Paul Maskall, strategic fraud prevention and behavioural lead at UK Finance’s Take Five – To Stop Fraud campaign, thinks it’s important for consumers to “stop, challenge and protect yourself from potentially fraudulent requests for money, and your personal and financial details”.

“Stop. Take a moment to stop and think if the request is genuine. Look out for frequent typos, unexpected friend or message requests and be cautious of anyone who contacts you from out of the blue,” said Maskall.

“Challenge. It’s ok to reject, refuse or ignore any requests for your money or personal information. Only criminals will try to rush and panic you – always contact organisations or people back on details you know to be true.

“Protect. Make sure your login details are always secure and updated regularly. Always use the secure payment options recommended by websites and use a credit card when making purchases over £100 and up to £30,000 as you receive extra protection. Contact your bank immediately if you think you’ve fallen for a scam and report it to Action Fraud.”

Be careful what you share on social media

Social media sites are also a breeding ground for criminals to exploit your personal information.

“Harmless information like your pet’s name, workplace, birthday or holiday plans can be gathered by criminals to piece together a comprehensive overview of your life and use it in these social engineering scams or guess personal passwords,” said Nicholson.
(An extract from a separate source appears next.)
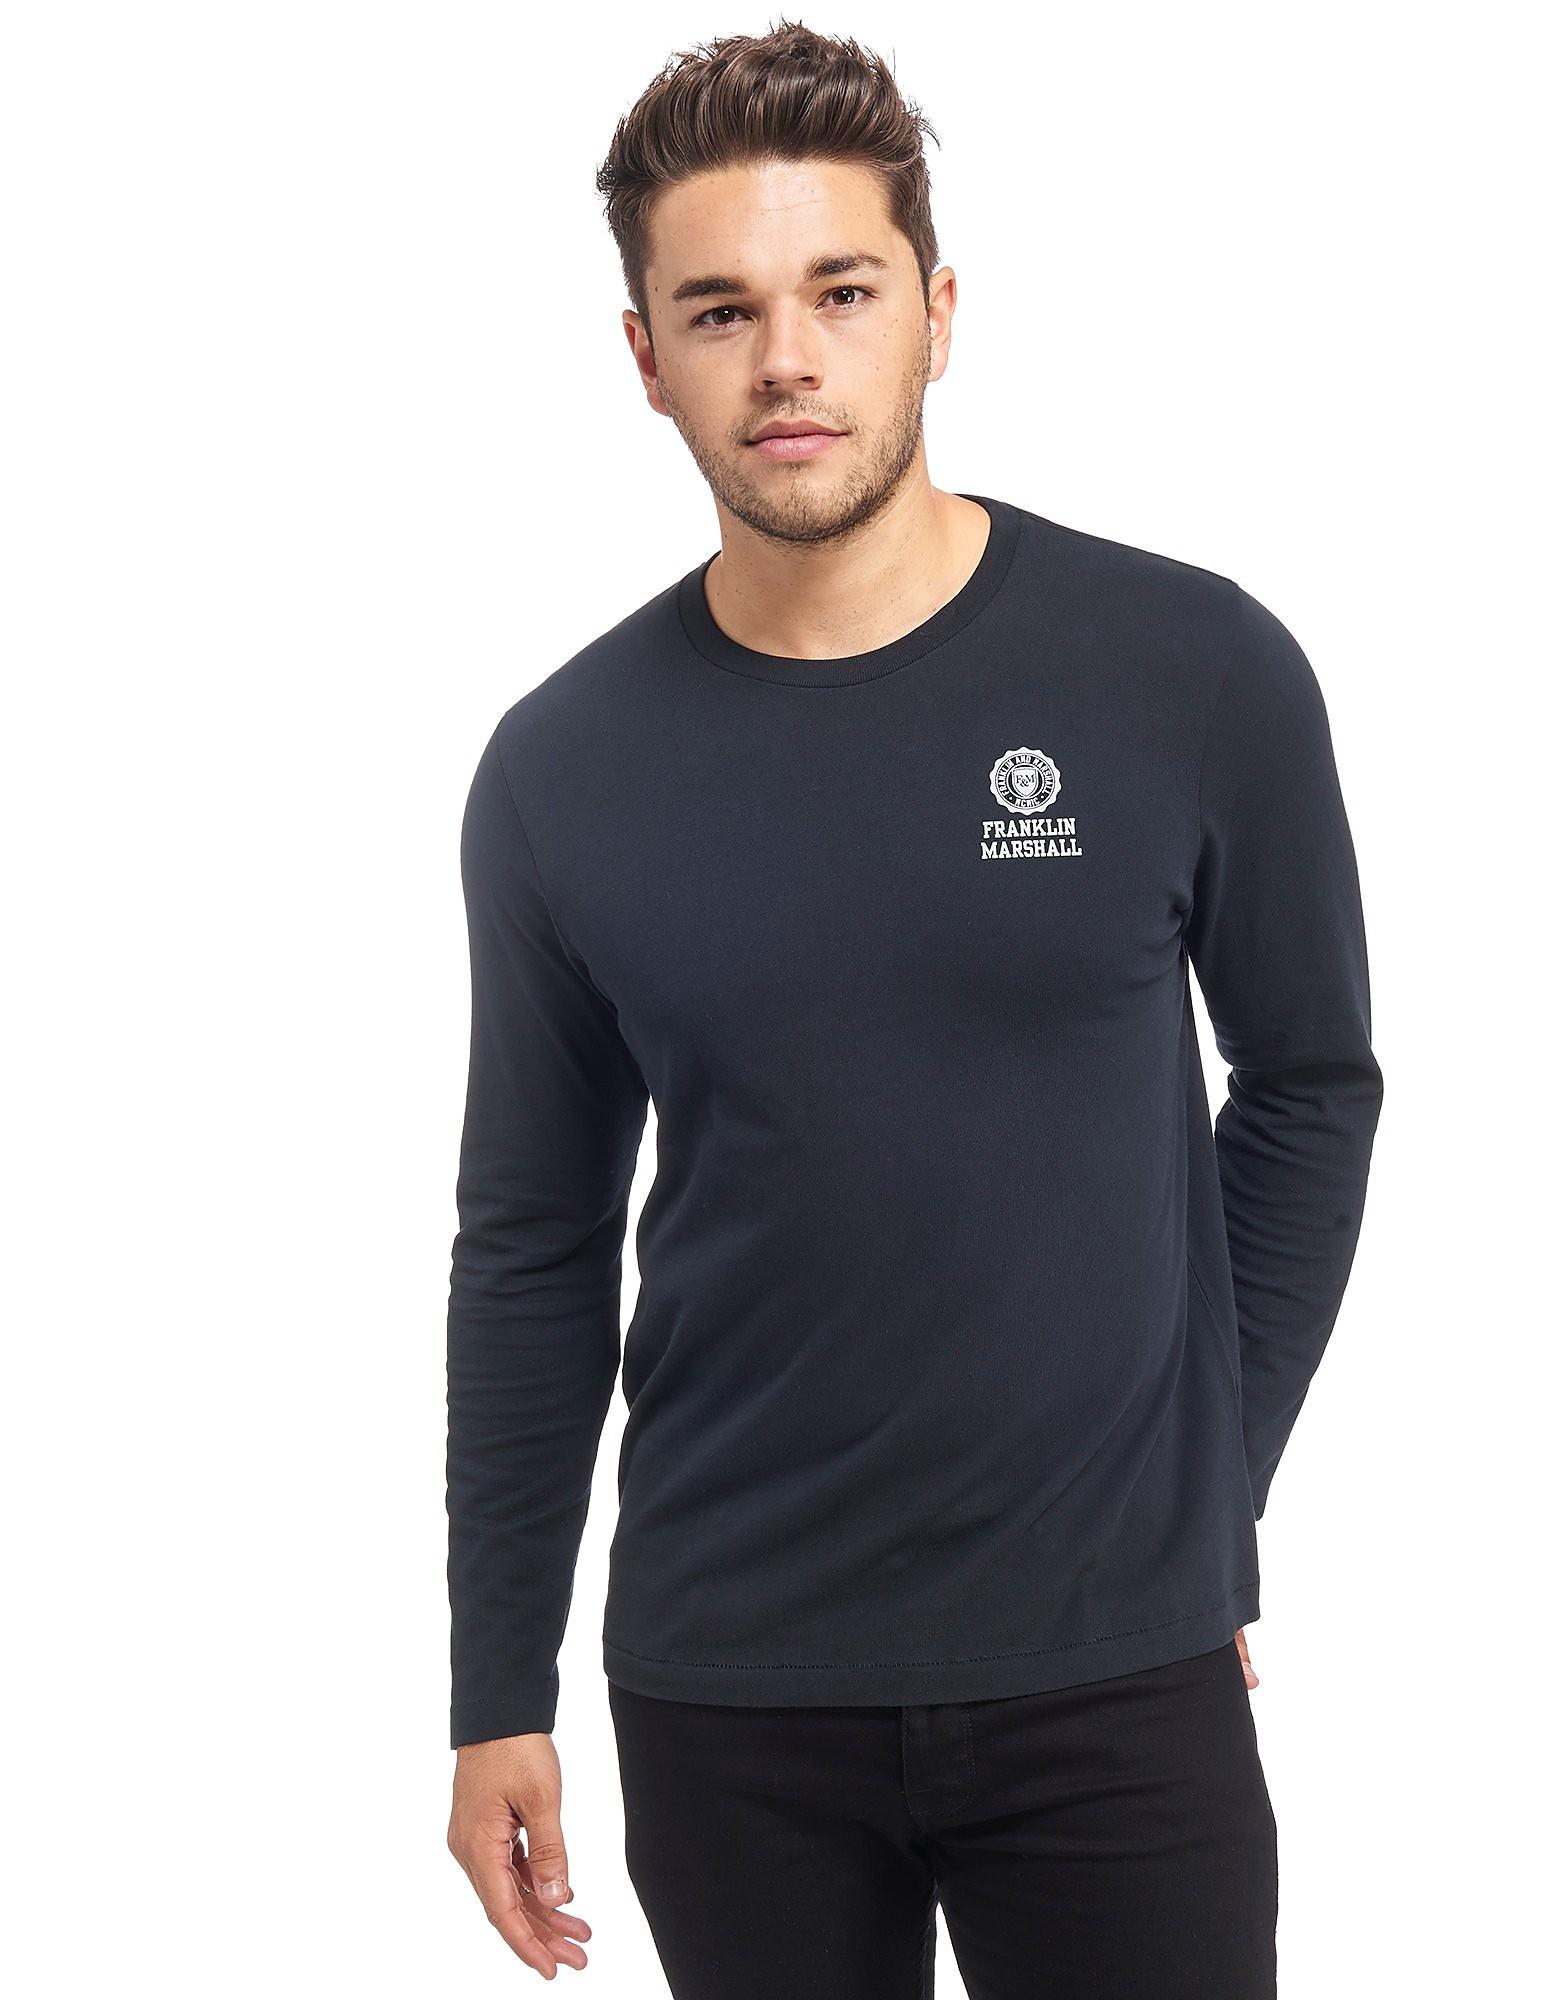 Franklin & Marshall Crest Longsleeve T-Shirt
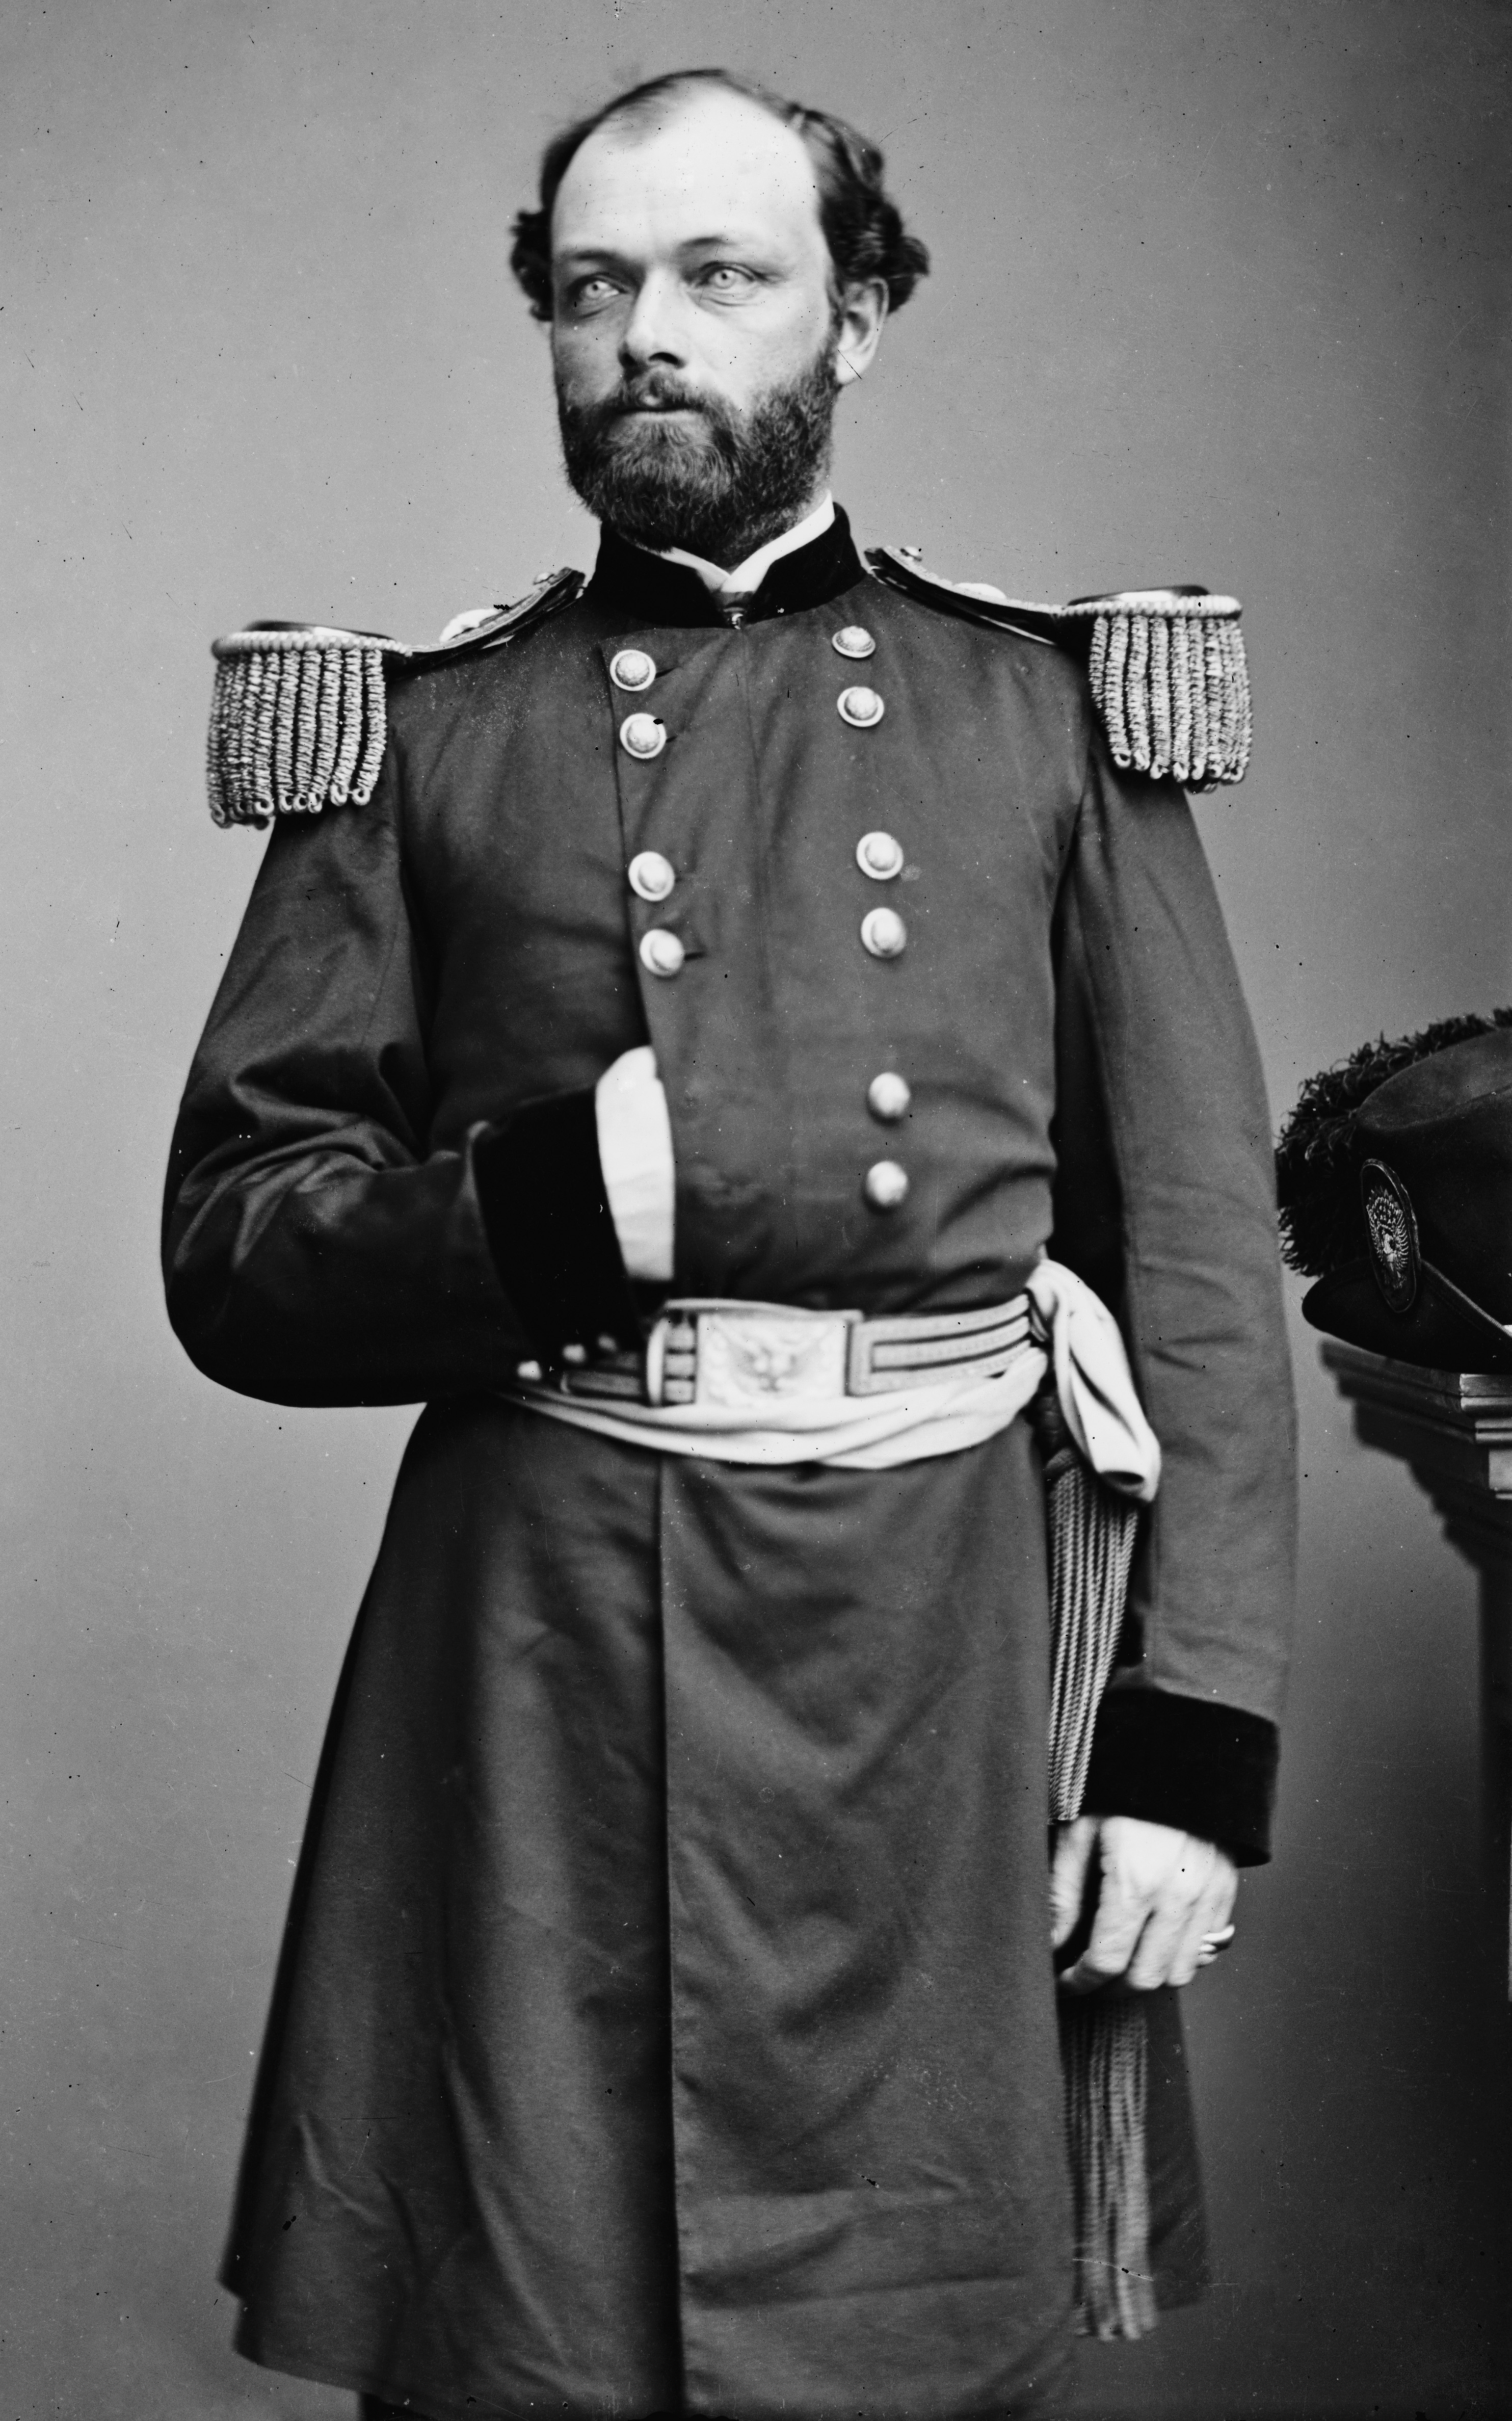 Civil War&ndash&#x3B;era portrait of Gillmore

“To protect yourself, make sure to keep this information limited or behind good privacy settings online.”

Get clued up about account takeover fraud

Nicholson also thinks consumers should be mindful of account takeover fraud.

“This is the use of stolen login credentials to gain control of a user’s account, which is another risk, with a cost of over £51.7 million in 2022, according to UK Finance,” said Nicholson.

“Victims often state their compromised account did not have a unique password, making them susceptible to multi-account takeovers. That’s why it’s vital to use unique and strong passwords for all your online accounts, and not to reuse passwords, especially on social media accounts, which are often susceptible to fraud.”

Use digital wallets

Digital wallets such as Apple Pay or Google Pay are a good way of counteracting financial fraud.

“Your payment information is protected with encryption technology so that it cannot be intercepted by hackers or compromised during transactions. The seller does not see your credit card number, only the transaction ID, so it is less likely to be stolen in a data leak,” said Adrianus Warmenhoven, cybersecurity expert at NordVPN.

“When using it for in-person payments on your phone, it usually requires your facial identification too.”

Avoid making payments over the phone

Due to voice cloning, Warmenhoven advises people to avoid making payments over the phone, especially if they are not sure the person you are speaking to is legitimate.

“Cloned voices can sound eerily similar to someone you know, so by insisting on receiving a secure payment link or traceable bank account details, you are more protected,” he said.